=== Given information ===

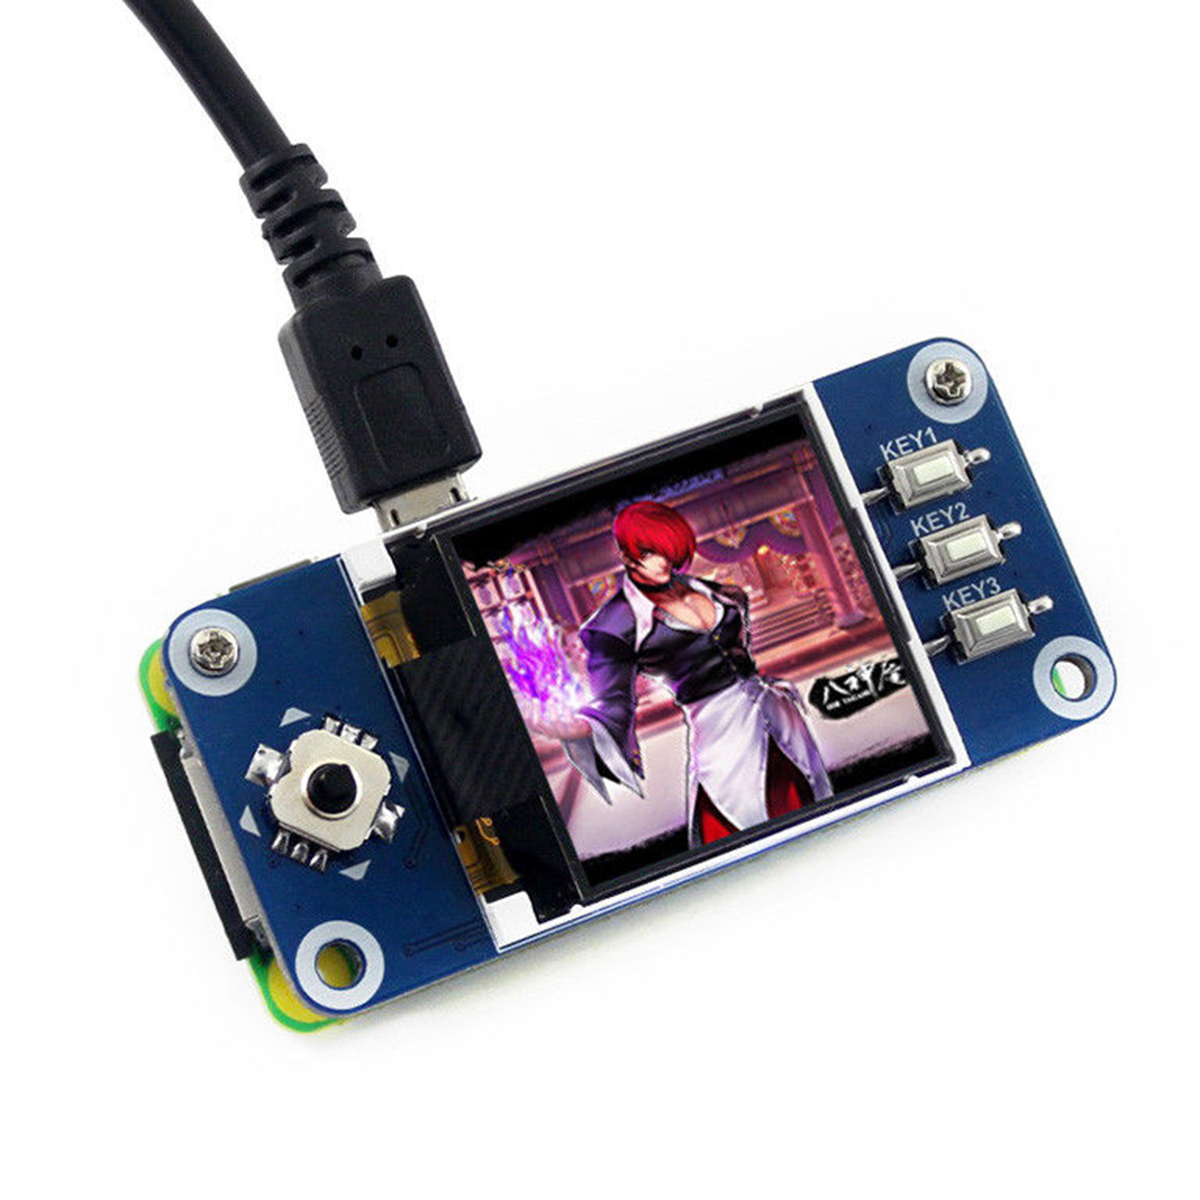 144Inch-128x128-Pixels-SPI-Interface-LCD-Display-HAT-for-Raspberry-Pi-1285050
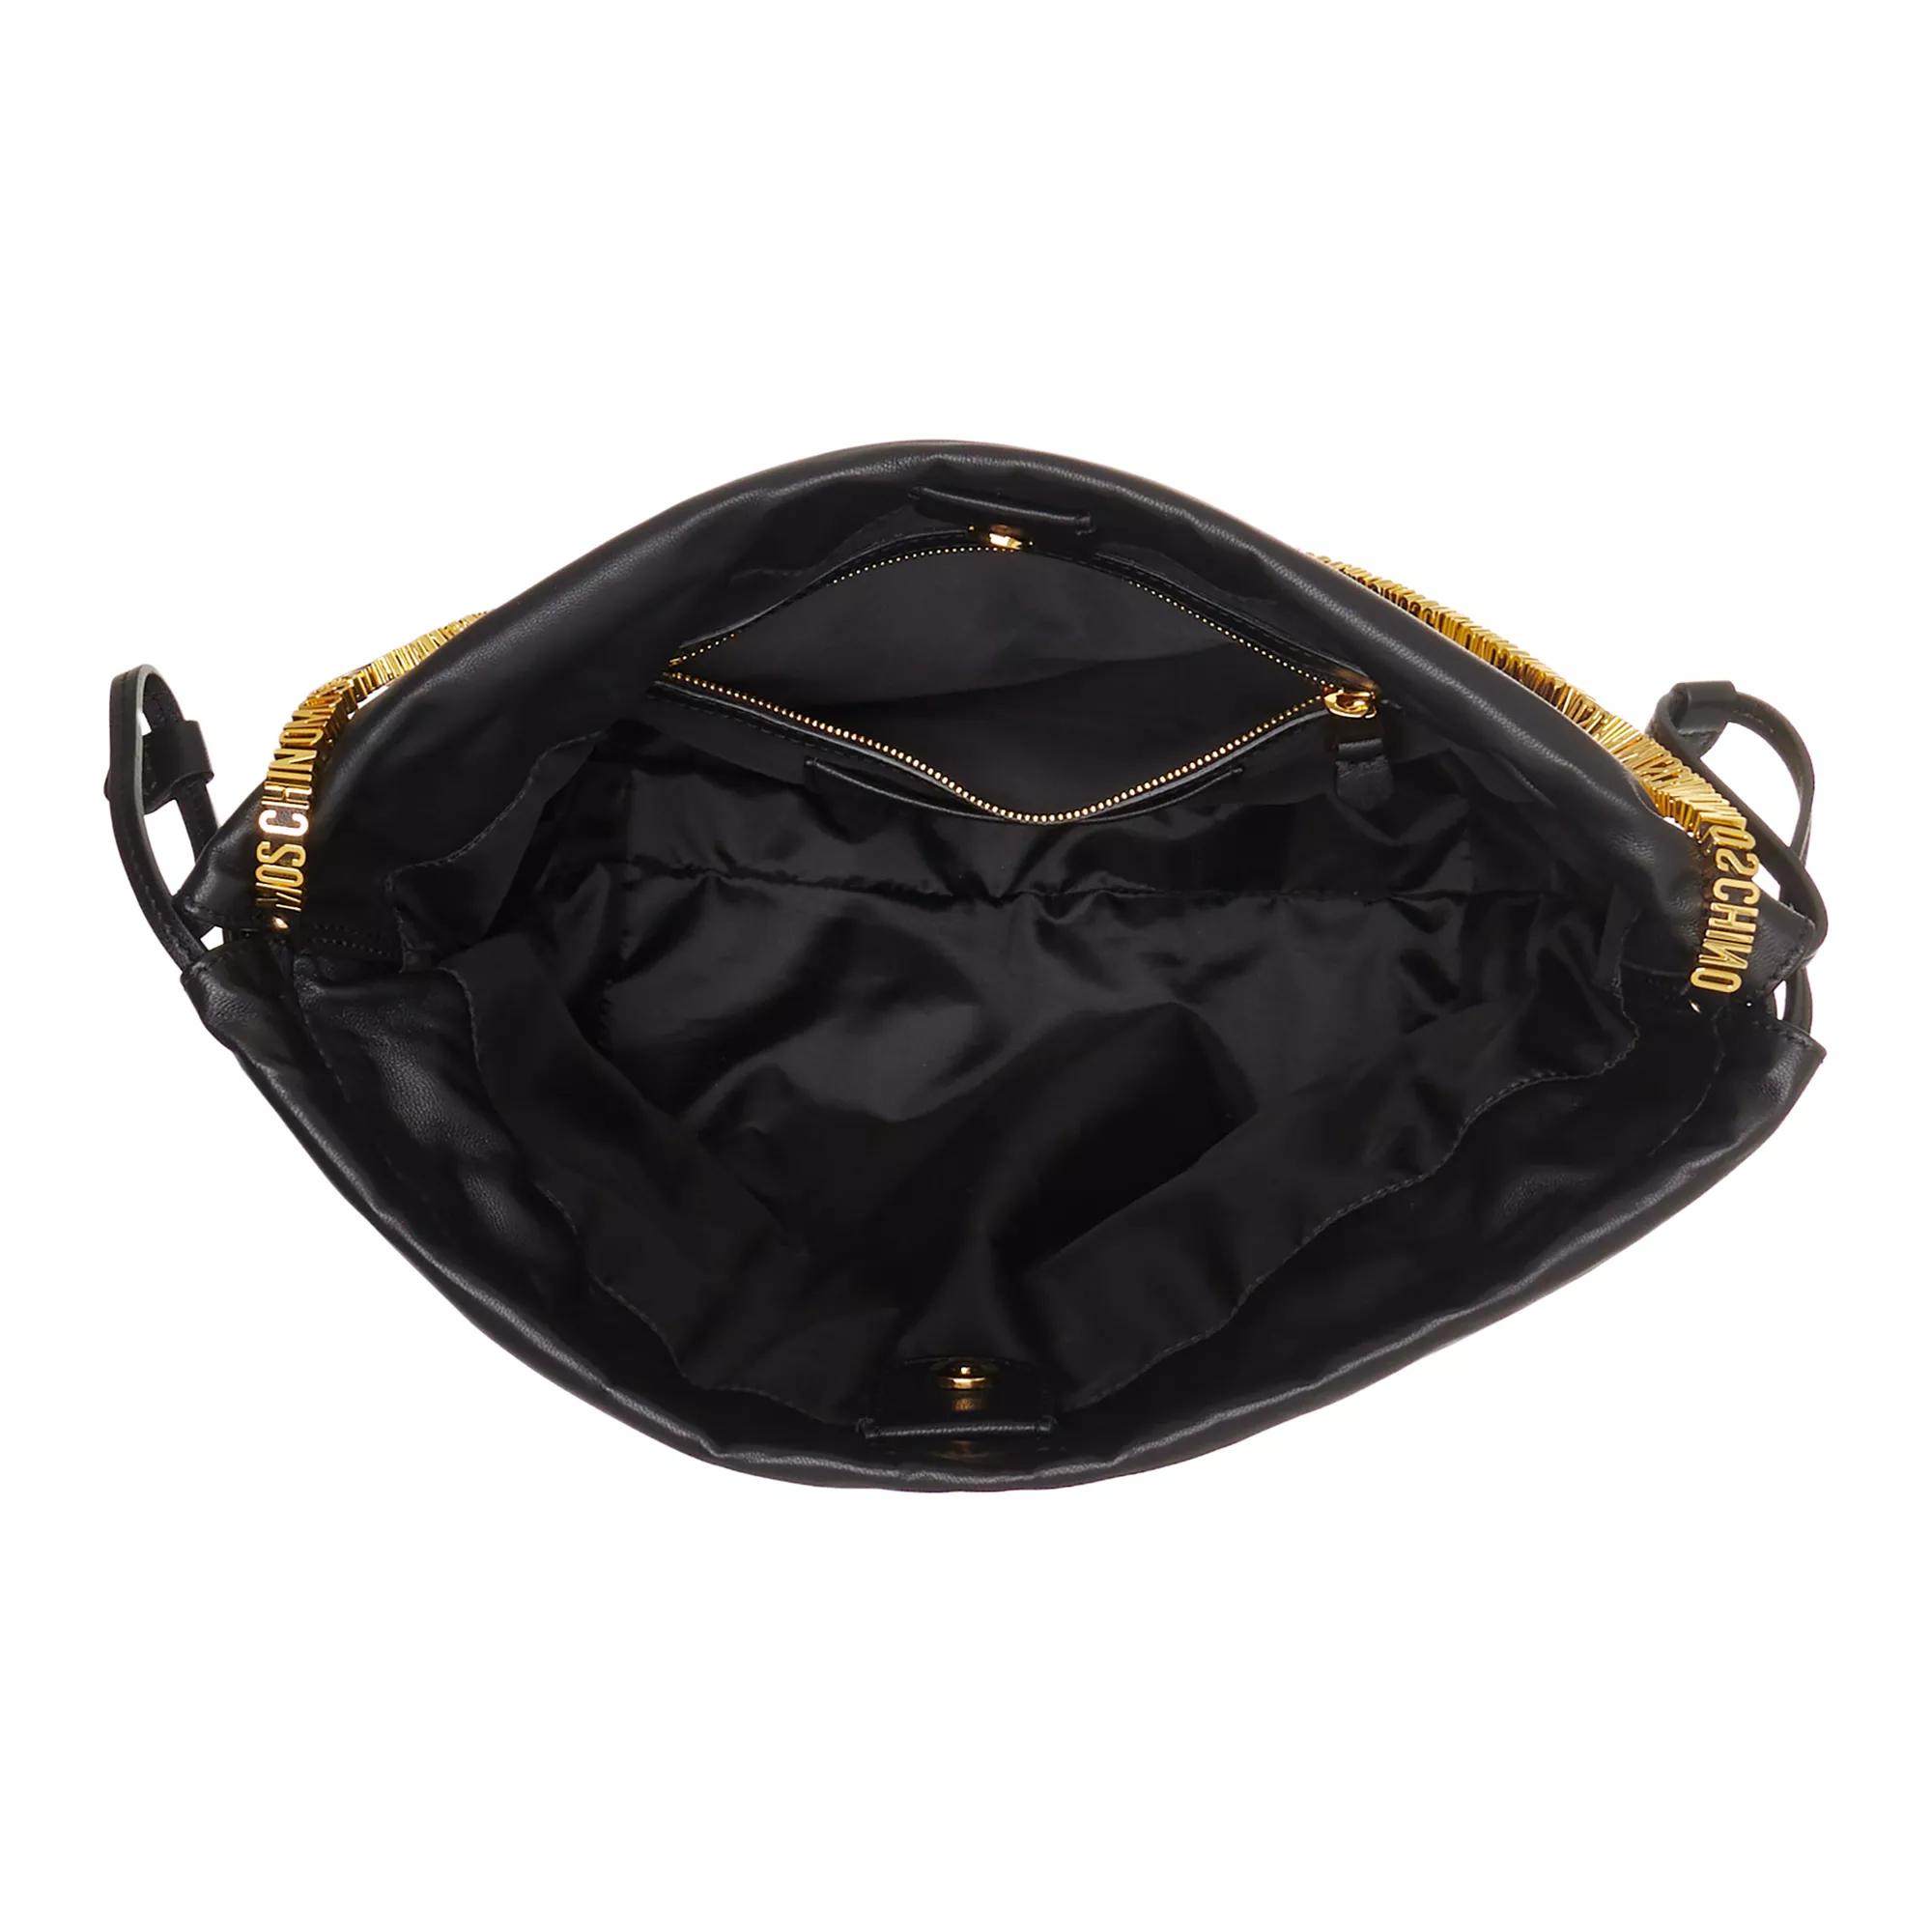 Moschino Shoppers Shoulder Bag in goud
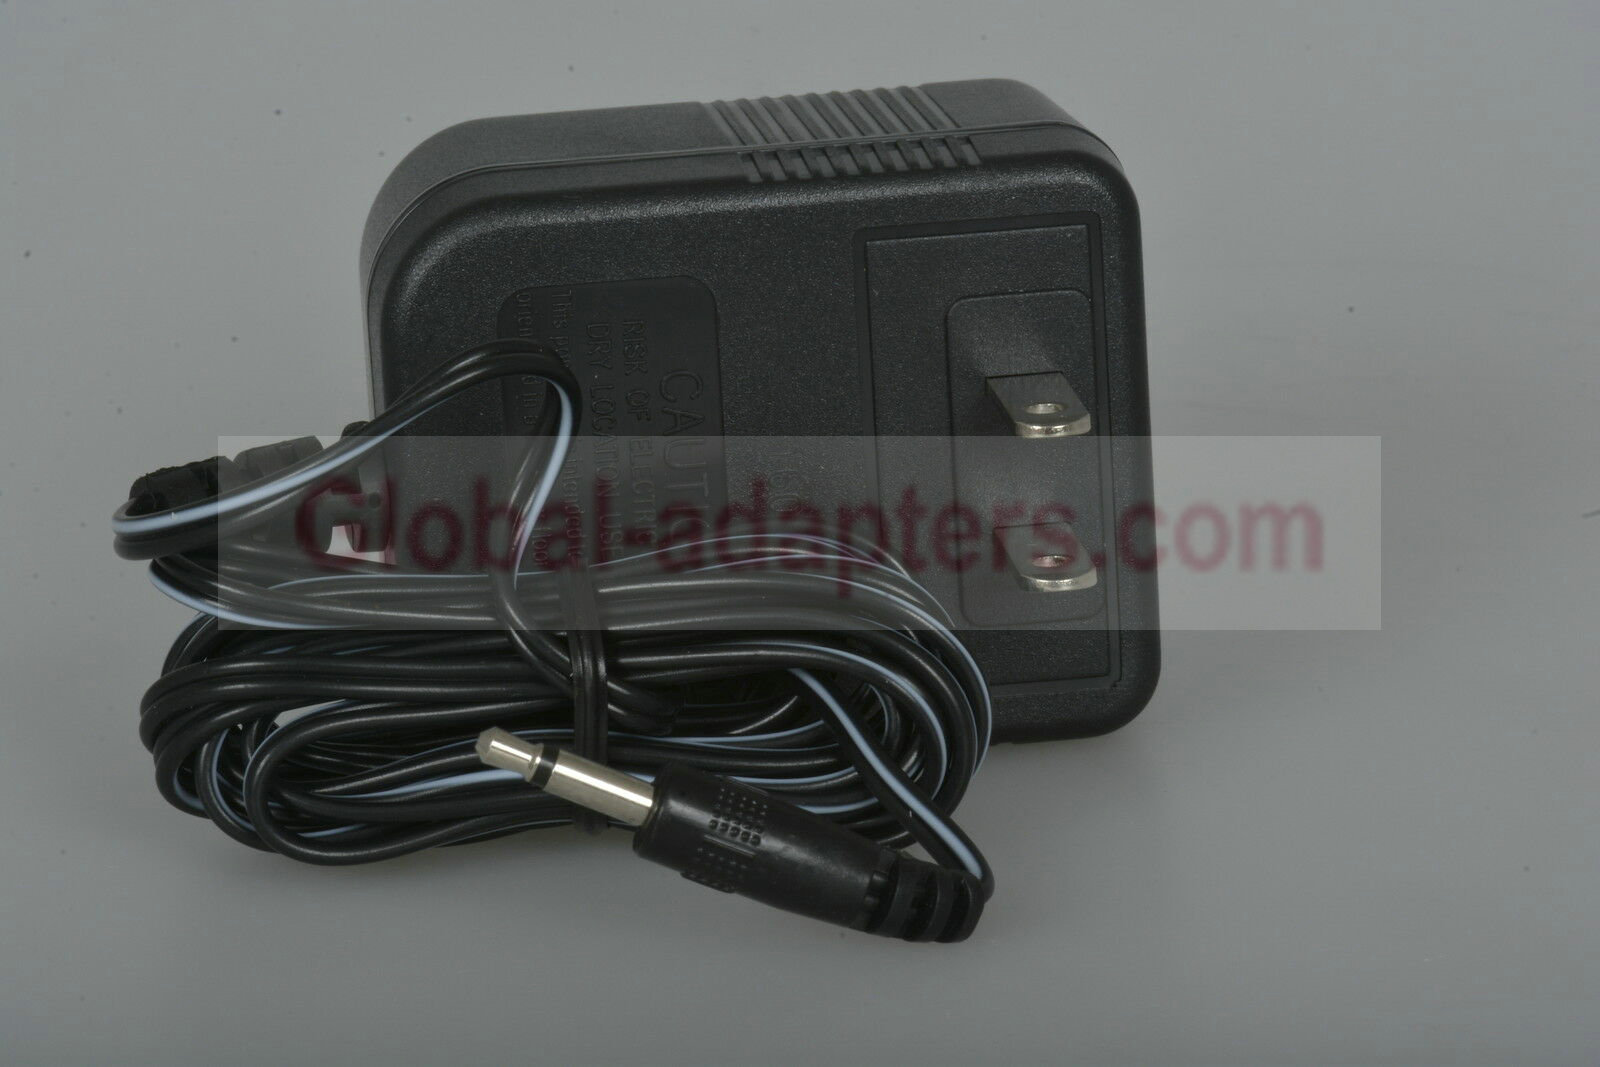 New 9V 0.5A 3.5mm DCU090050A2011 Power Supply Ac Adapter

===

■ The problem
Copy the preceding data in full and word for word, dropping its pictures.

■ Response to the task
 144Inch-128x128-Pixels-SPI-Interface-LCD-Display-HAT-for-Raspberry-Pi-1285050
 Moschino Shoppers Shoulder Bag in goud
 New 9V 0.5A 3.5mm DCU090050A2011 Power Supply Ac Adapter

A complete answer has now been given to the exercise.